■ What the exercise asks
Return each line of the data below exactly, omitting any pictures.

■ The data
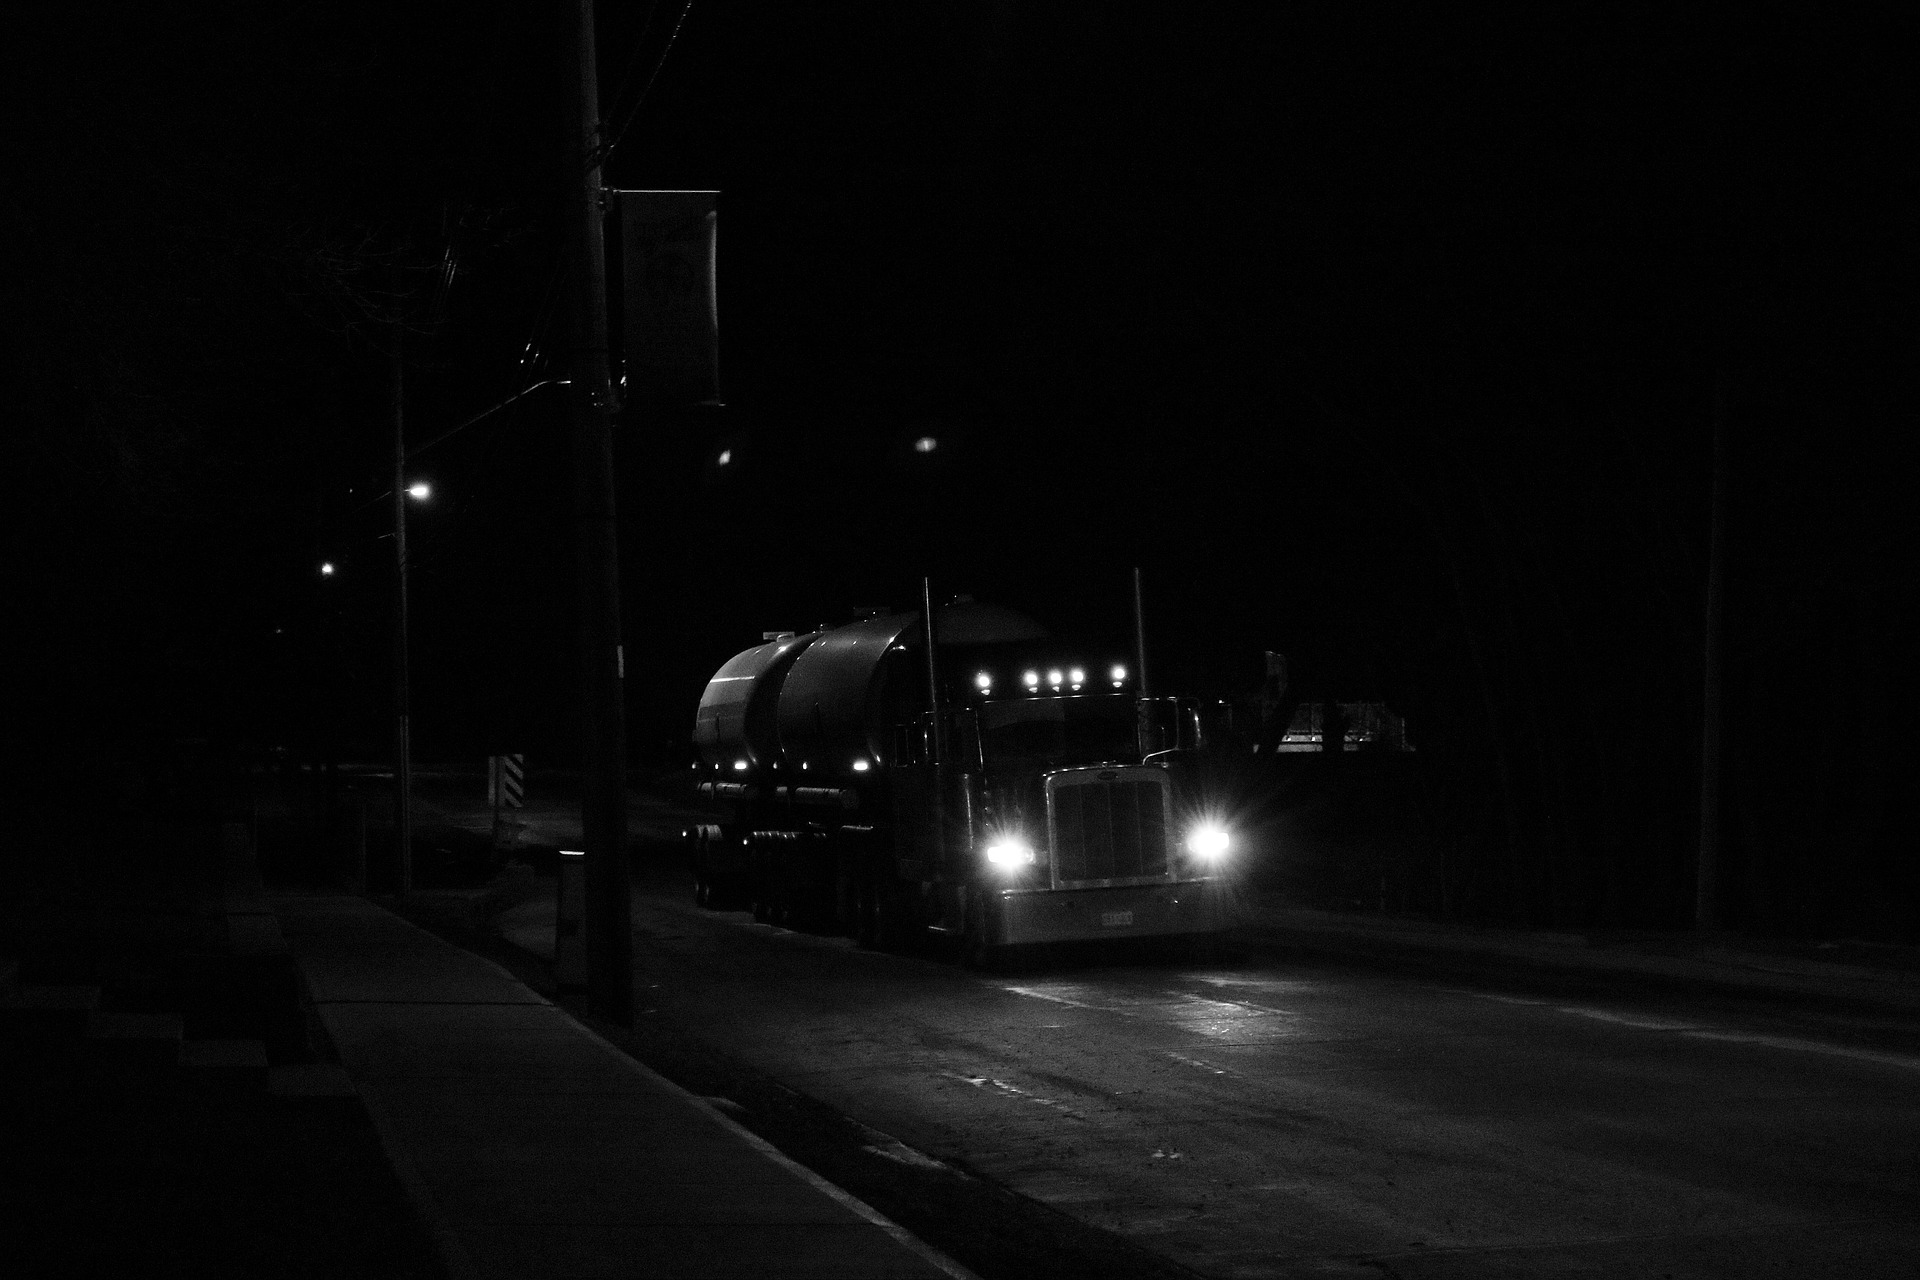 truck in dark.jpg
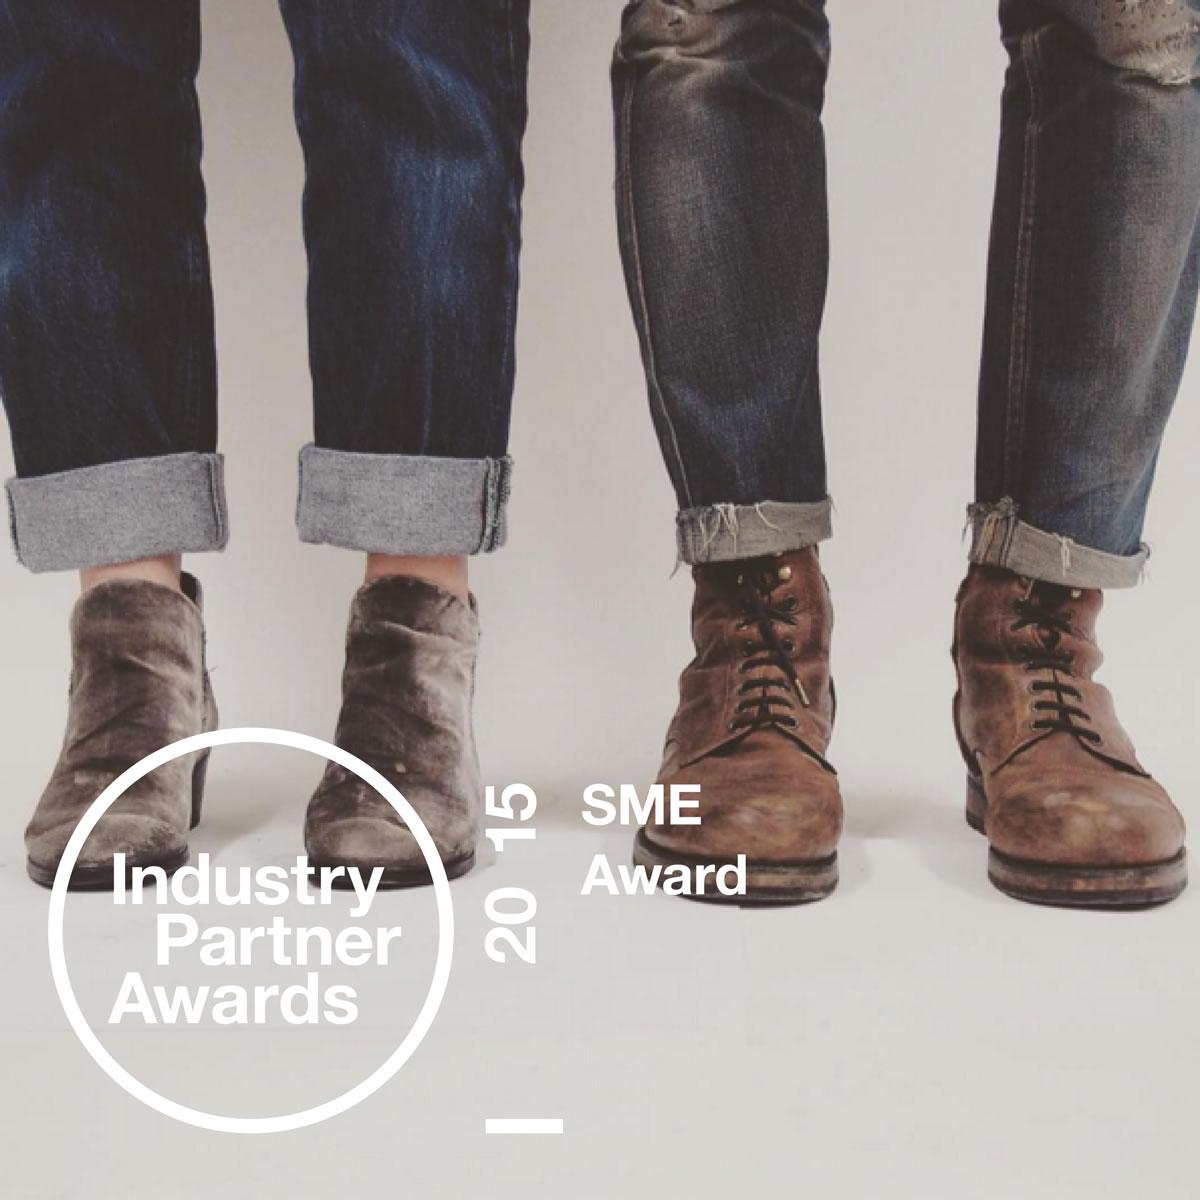 00100-Industry-Partner-Awards_SME-06
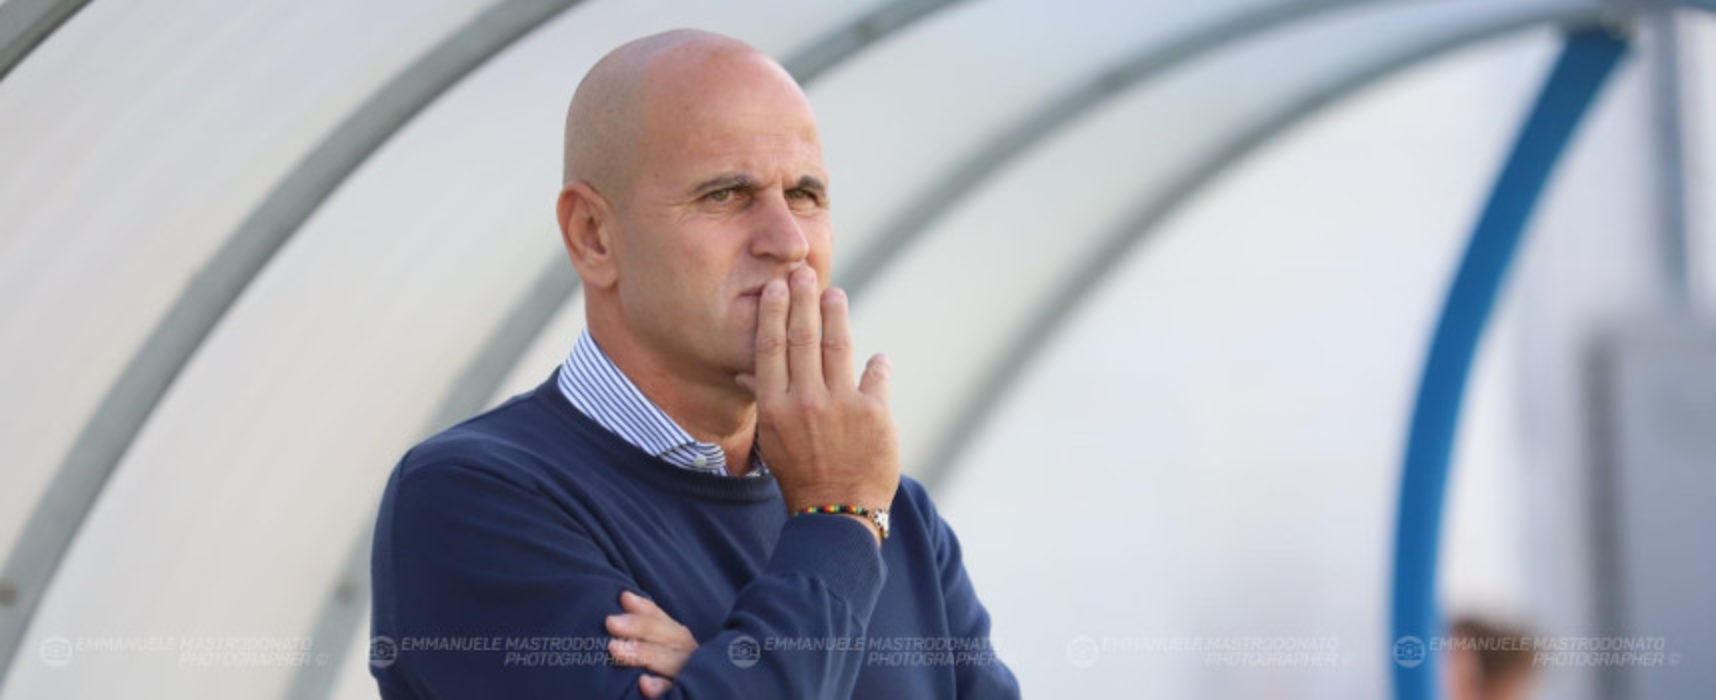 """È tempo di esordio per il Bisceglie Calcio, Bucaro: """"Superare difficoltà con carattere"""""""
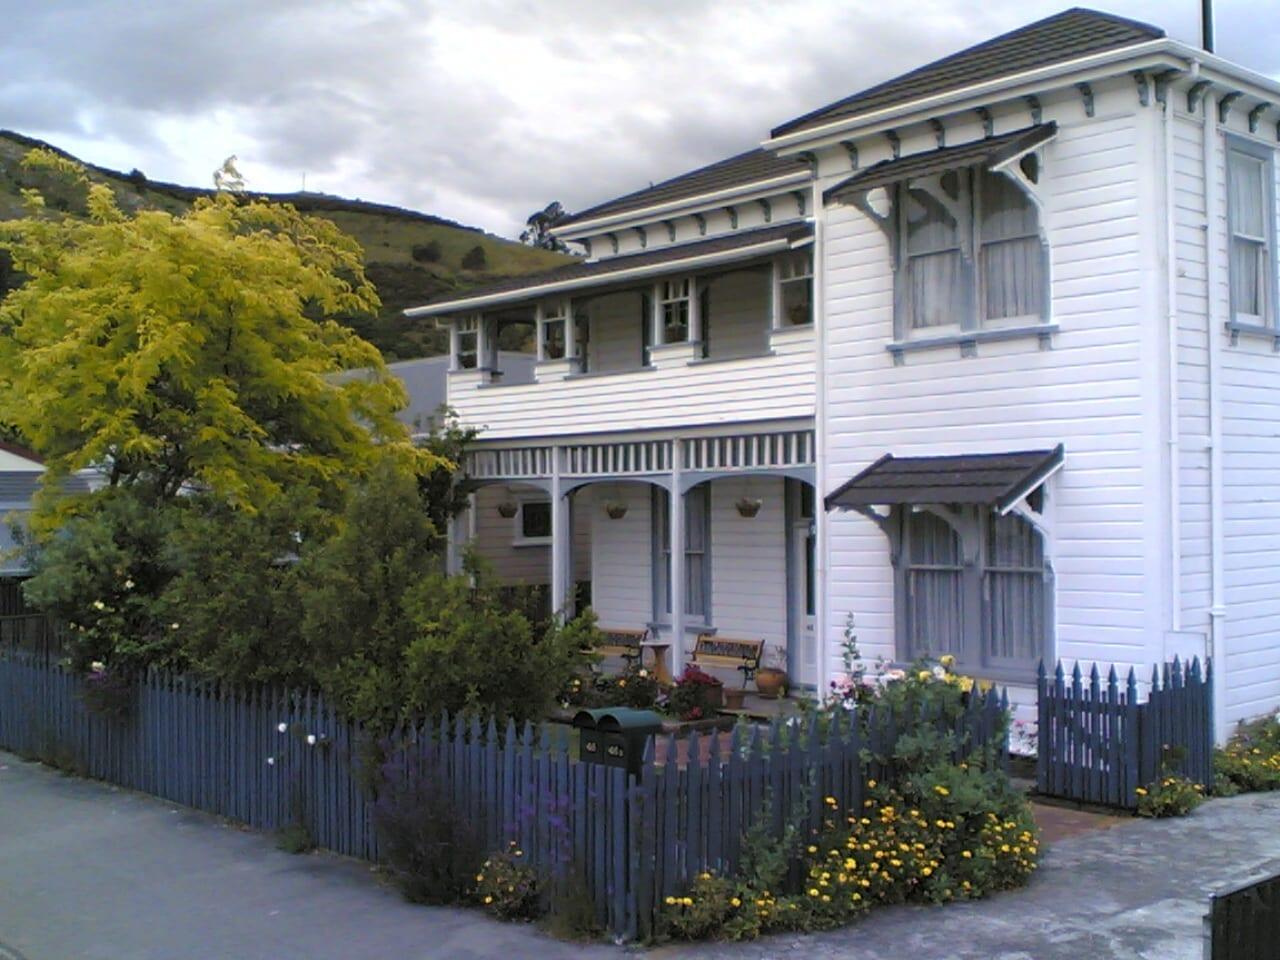 1897 Amber House con el centro de Nueva Zelanda visible por encima de la línea del techo). Nelson Nueva Zelanda

■ Exercise output
 truck in dark.jpg
 00100-Industry-Partner-Awards_SME-06
 """È tempo di esordio per il Bisceglie Calcio, Bucaro: """"Superare difficoltà con carattere"""""""
 1897 Amber House con el centro de Nueva Zelanda visible por encima de la línea del techo). Nelson Nueva Zelanda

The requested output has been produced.